**Task statement**. Please output exactly the lines below, starting at the line that has "Paquets de Fox's" and ending at the line that has "AF Dean Parlour Acoustic 2014", both included; leave out all pictures and include nothing else.
---------- Task input ----------
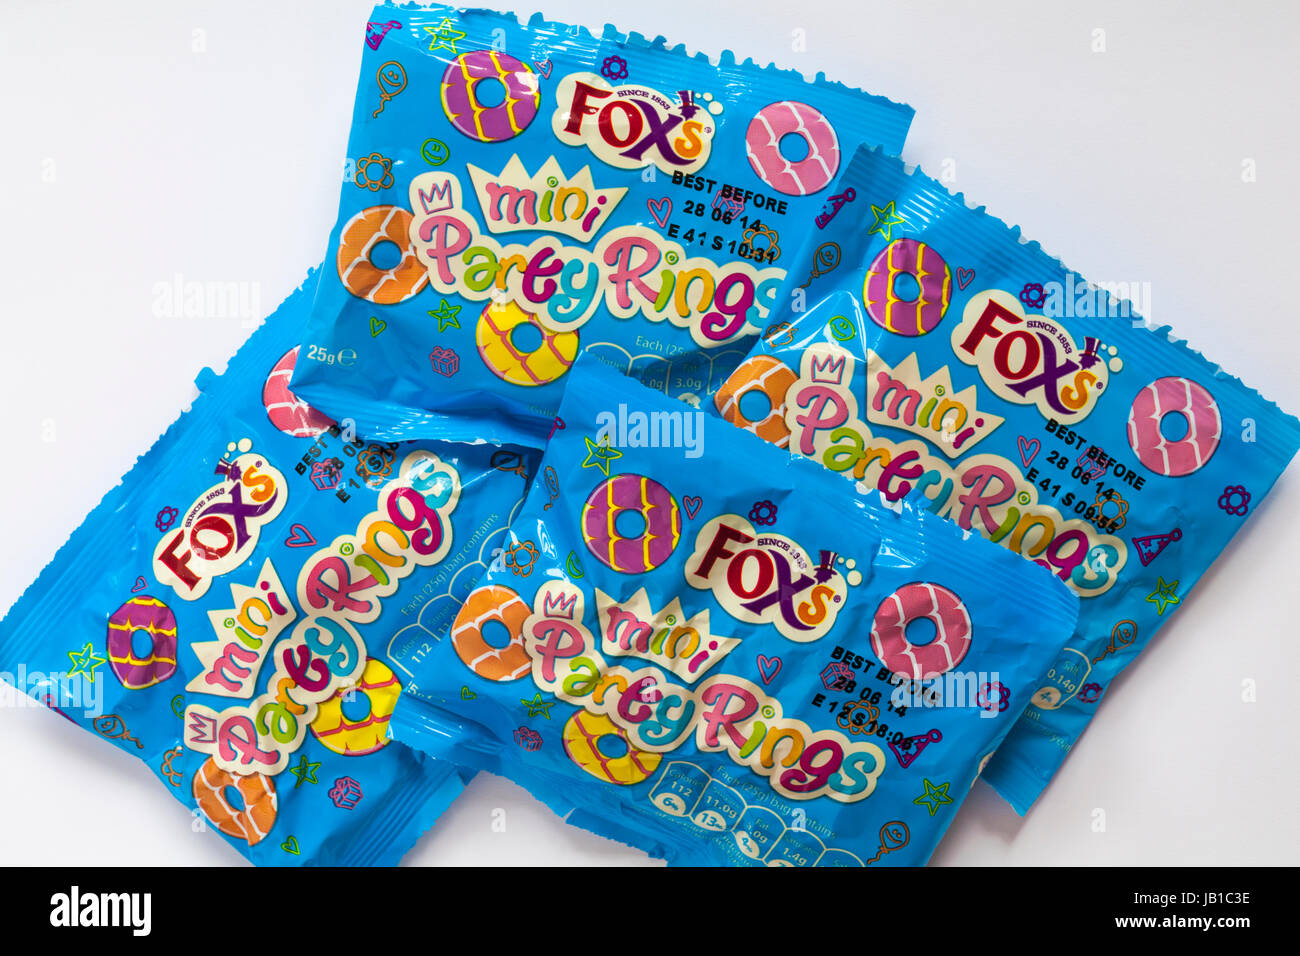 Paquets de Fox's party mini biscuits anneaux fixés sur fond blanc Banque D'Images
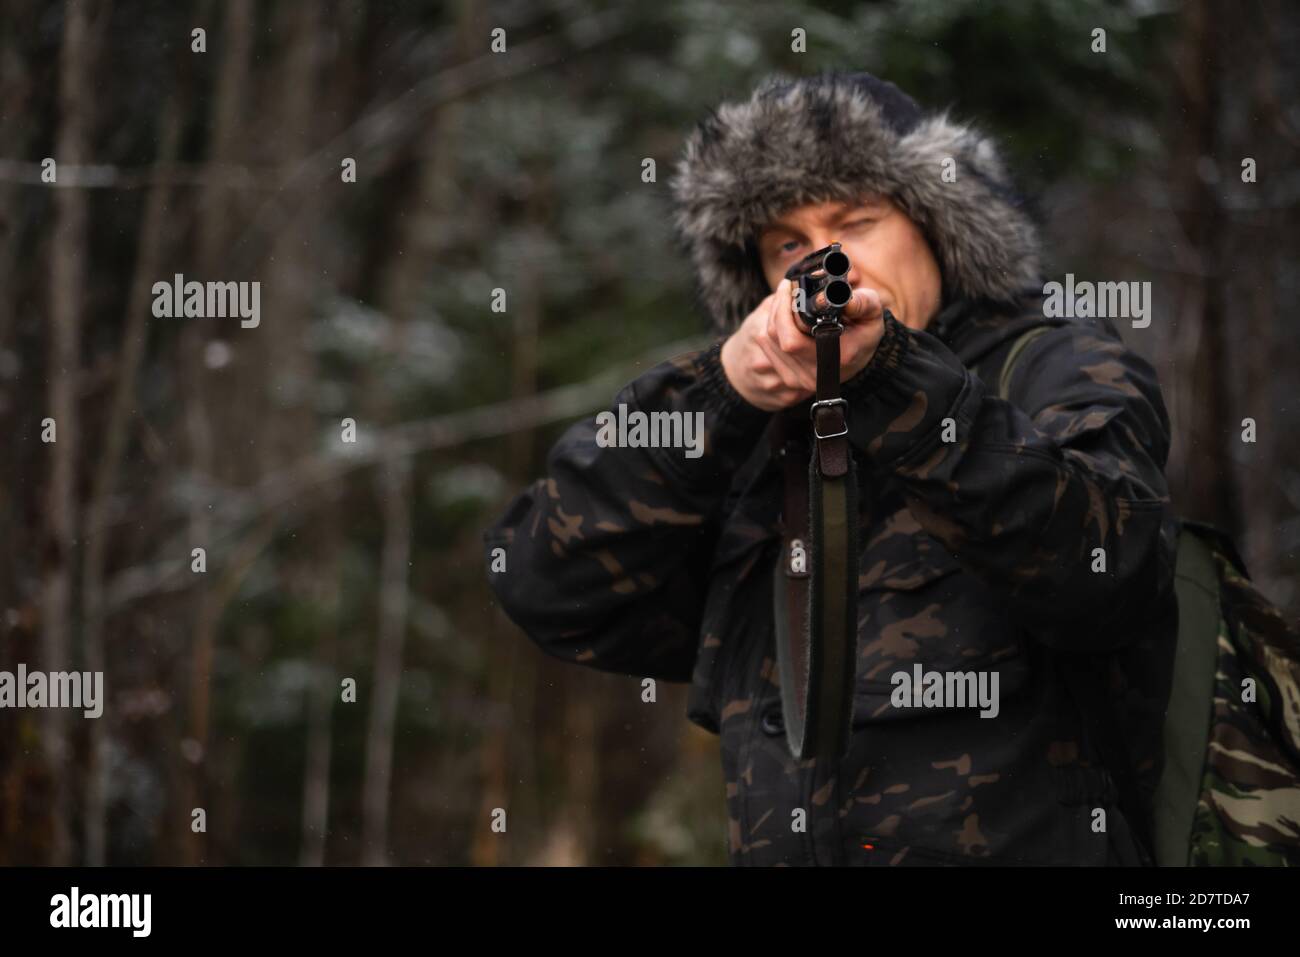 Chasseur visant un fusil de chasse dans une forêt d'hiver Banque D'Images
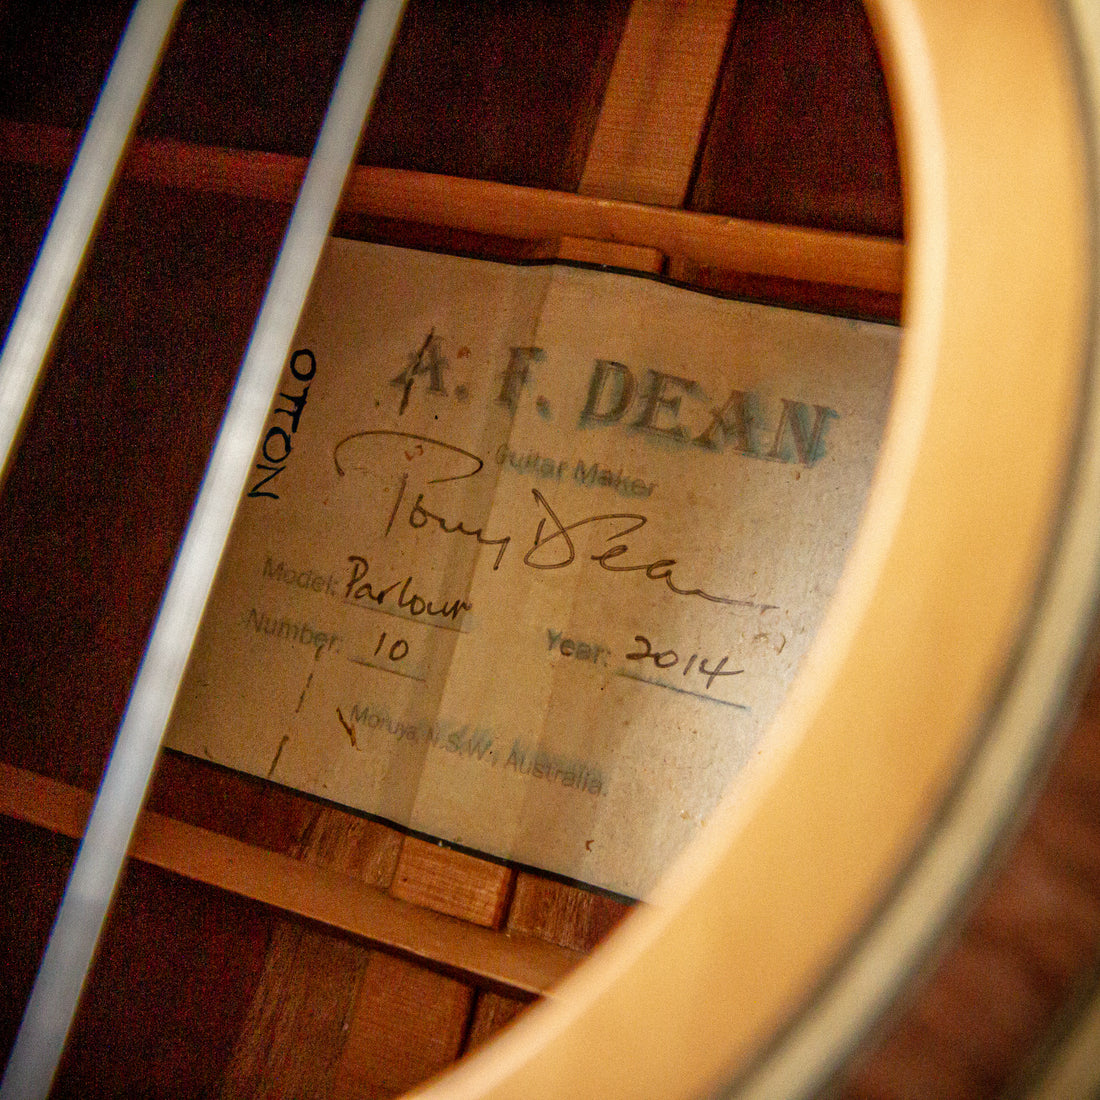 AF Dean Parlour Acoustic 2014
----------
---------- Task input ----------
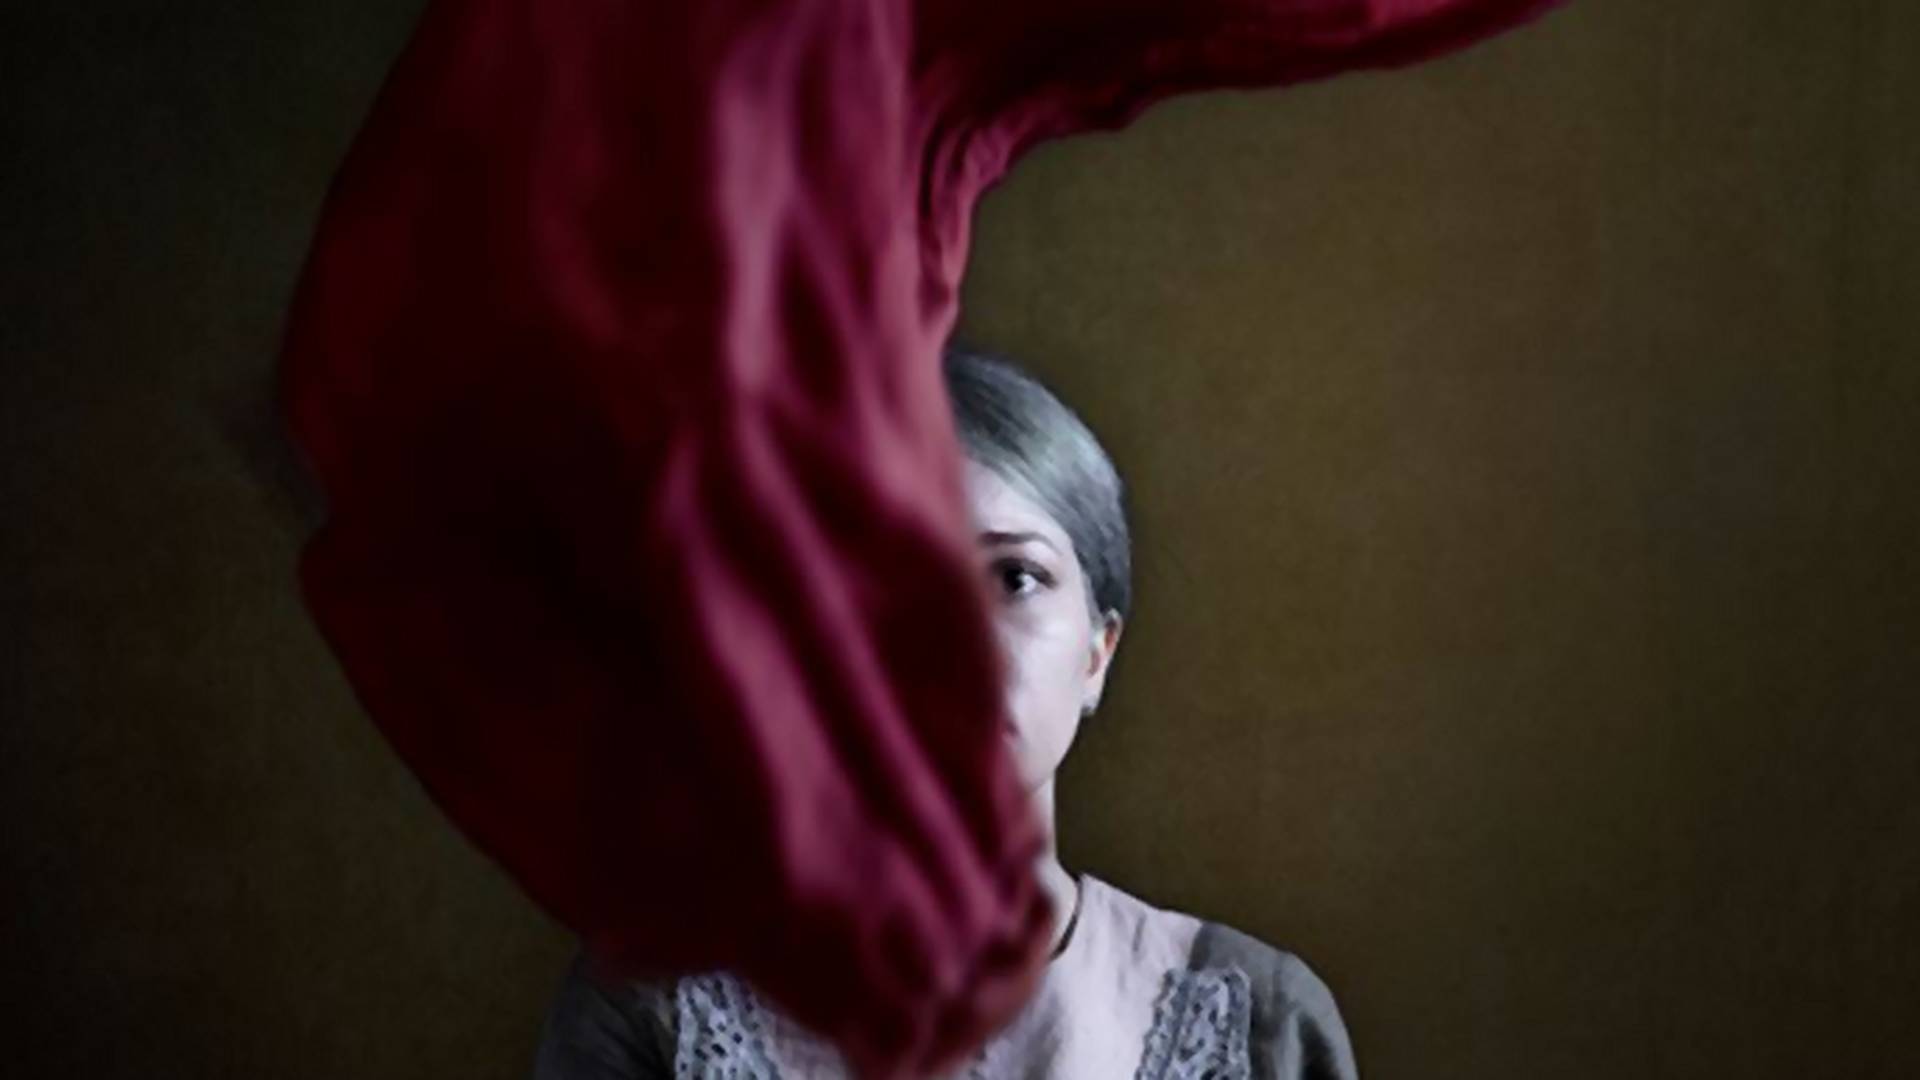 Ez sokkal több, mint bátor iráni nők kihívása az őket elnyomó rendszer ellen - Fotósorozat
----------
---------- Task input ----------
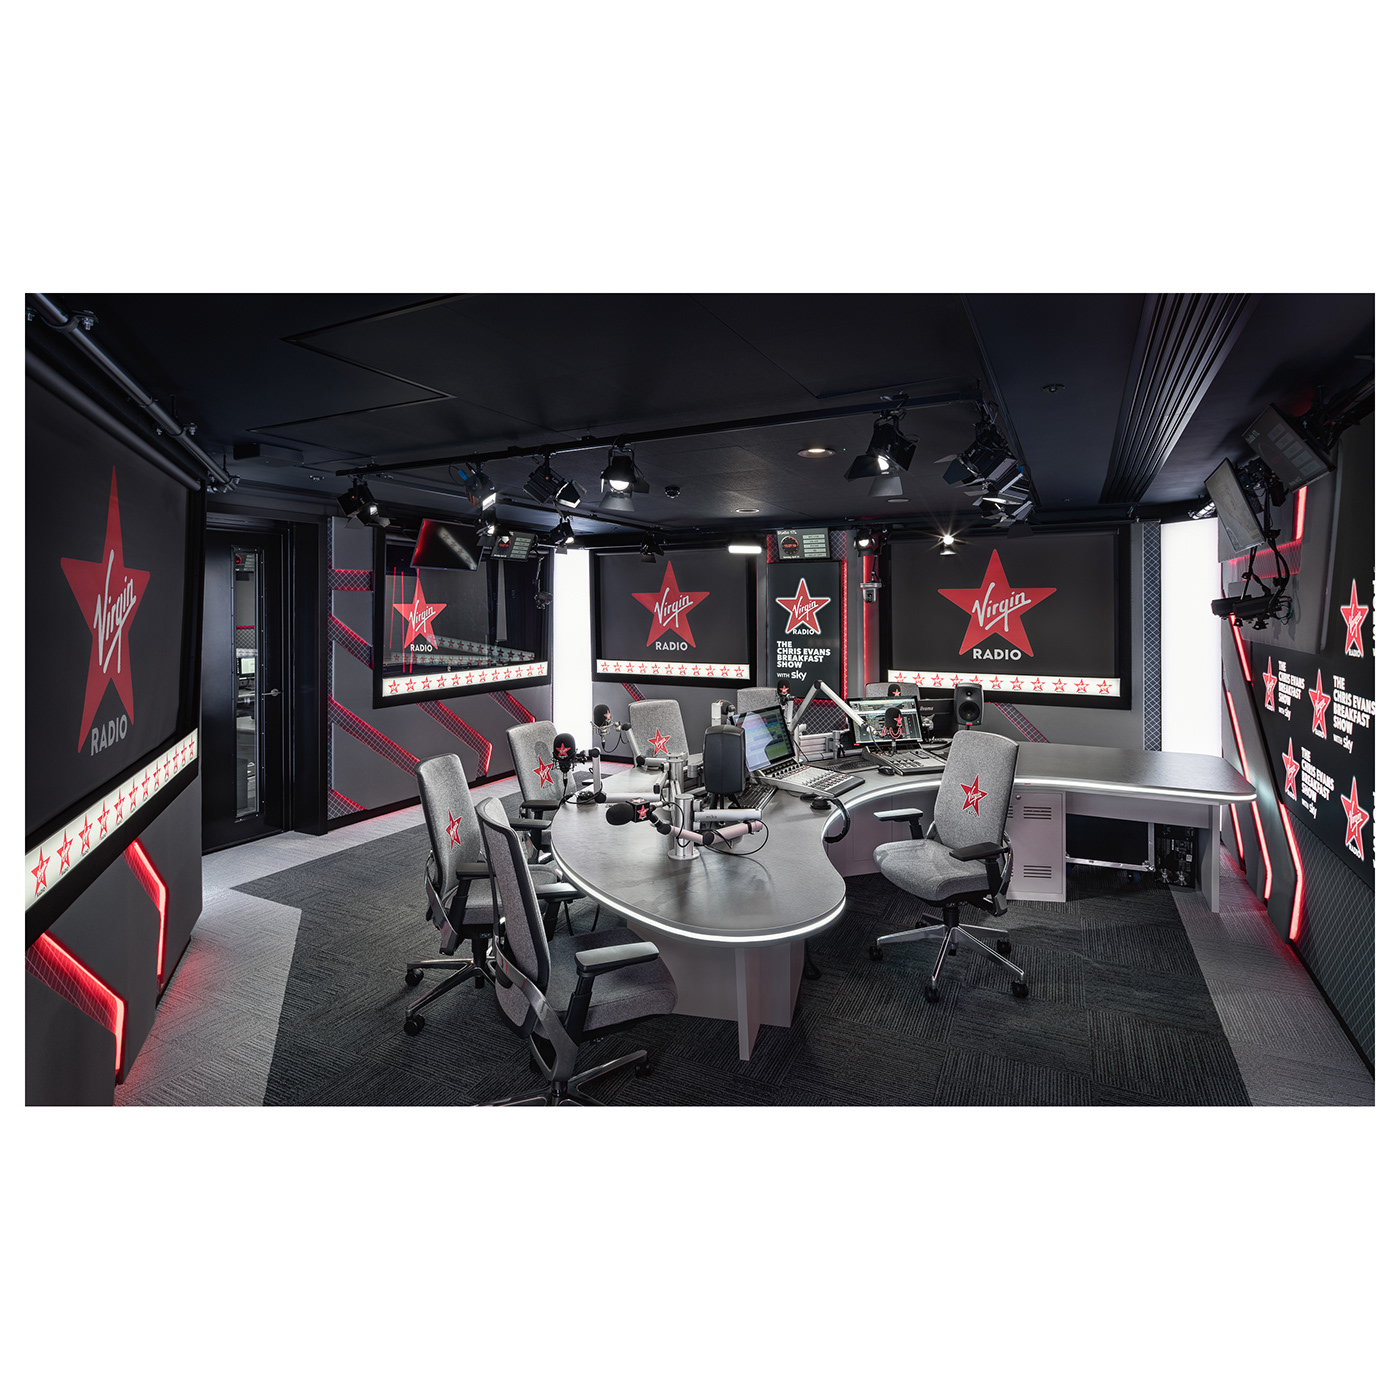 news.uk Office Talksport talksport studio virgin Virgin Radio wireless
----------
**Answer to the problem**.
 Paquets de Fox's party mini biscuits anneaux fixés sur fond blanc Banque D'Images
 Chasseur visant un fusil de chasse dans une forêt d'hiver Banque D'Images
 AF Dean Parlour Acoustic 2014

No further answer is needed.